Fact #1 - All the New Testament books were written and distributed among the congregations of Christ BEFORE the end of the first century.
A bare assertion. You have repeatedly been asked to produce evidence for this and have repeatedly failed to do so, so it does you no credit to keep harping on about this being a 'fact'.
Fact #2 - Tetullian speaks of the "entire volume" of "Christian scriptures" established BEFORE either Marcion or Valentinus came on the scene in history and Marcion produced what Tertullian accused as a stripped down and edited version of the New Testament scriptures as early as 140 A.D.
Marcion's Canon included only 10 letters of Paul plus the Gospel of Luke. If you want to cite Tertullian then be careful! - he also was a firm advocate of Apostolic Succession, so choose your friends carefully! Tertullian, in
Adversus Marcion says that Marcion 'mutilated' Luke's Gospel and also rejected the other three, together with Paul's Pastoral Epistles; however, Tertullian does not mention 2 Peter,
James, II Jn or III Jn and elsewhere cites the
Shepherd of Hermas with approval. All fo this is rather a stretch to claiming that the whole 27-book NT was in place by c 140 AD!

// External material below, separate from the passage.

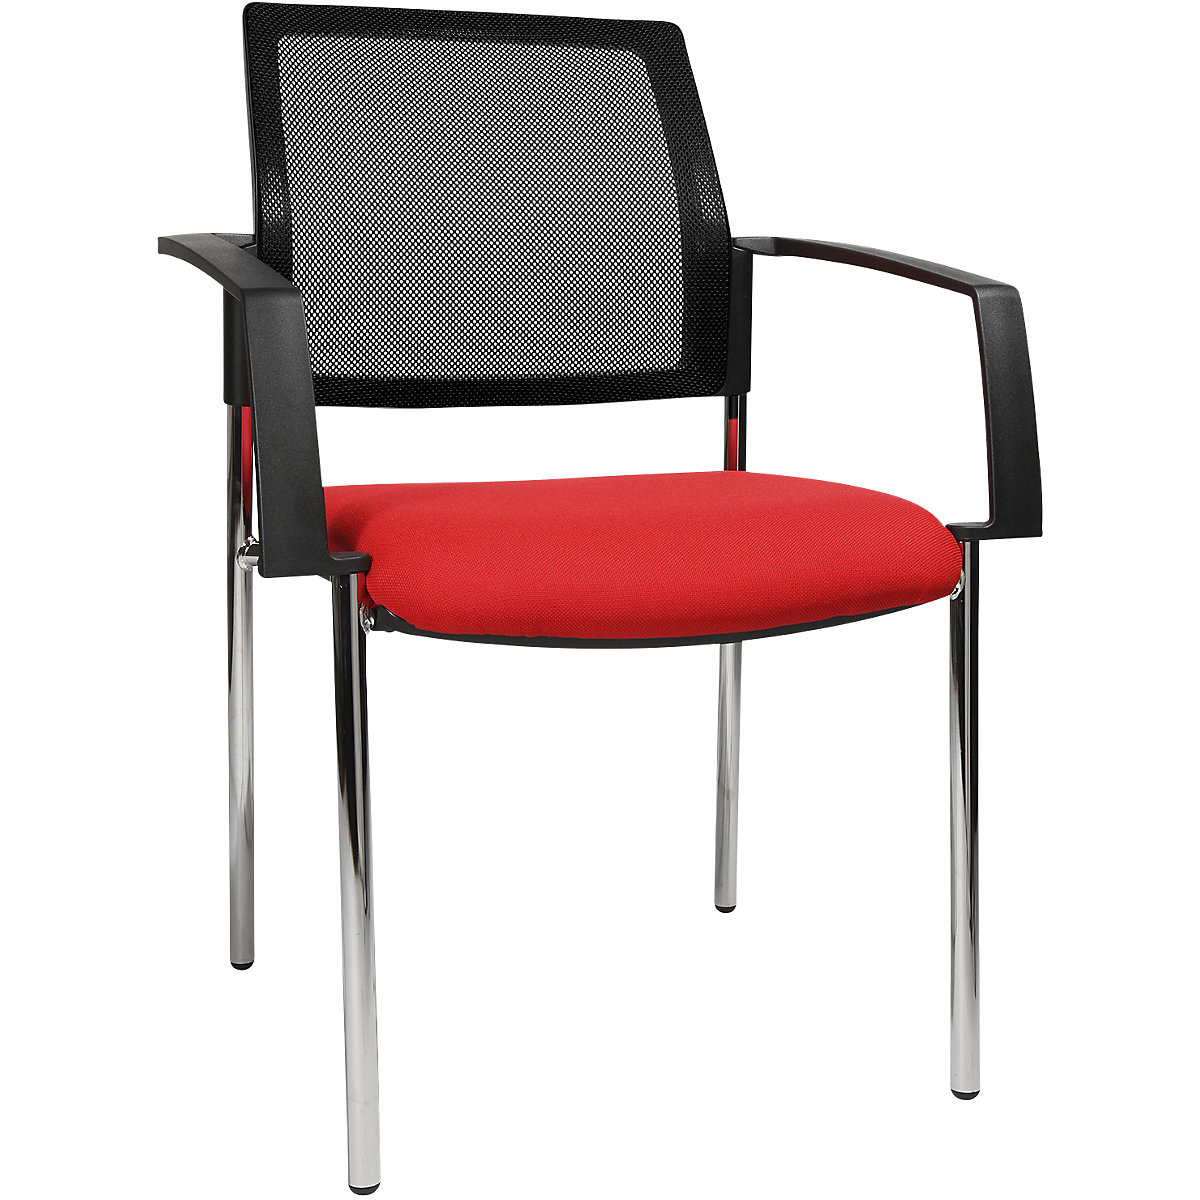 Síťovaná stohovací židle – Topstar, 4 nohy, bal.j. 2 ks, červený sedák, pochromovaný podstavec-5

You simply do not have sufficient data to deny what these two facts confirm to be the case long before Rome canonized scriptures. Your argument is akin to denying that Alexandria had a complete gospel as early as the 2nd century because we only find papyi fragments instead of a whole gospel. Such reasoning shelfs all common sense just because we cannot find a copy of "the entire volume" that Tertullian vehemently states existed and cannot be added unto or subtracted from whether by the addition or subtraction practiced by Marcion or by faulty intepretations practiced by Valentinus.
And you haven't proved it either!
Why is it then you nor anyone else on this forum was able to overthrow what I said. Go back and look at your response! You could not overthrow the evidence all you could do is pronounce anathema's on the evidence presented. I took you to task for the overall context of Isaiah 8, the immediate context of Isaiah 8:14-20 and its direct use by Christ and the Apostles in the New Testament and the immediate context. You did not and could not refute contextual based evidence placed in your faces. I would be more than happy to repeat it!
Neither could you or any other pro-Catholic soterioligical advocates on this forum repudiate my interpetations of 2 Tim. 3:16-17 or 2 Peter. 1:17-21. I would be more than happy to repeat the specifics you could not deal with.
I think that was me you were quoting not TS. The point is that that doesn't help us with determining why
James and
Revelation are in the Canon but
Didache and
Barnabas (for example) are not. All of them claim to be authored by an Apostle or Apostles, but only the first two are in (and weren't as far as your friend Tertullian was concerned!).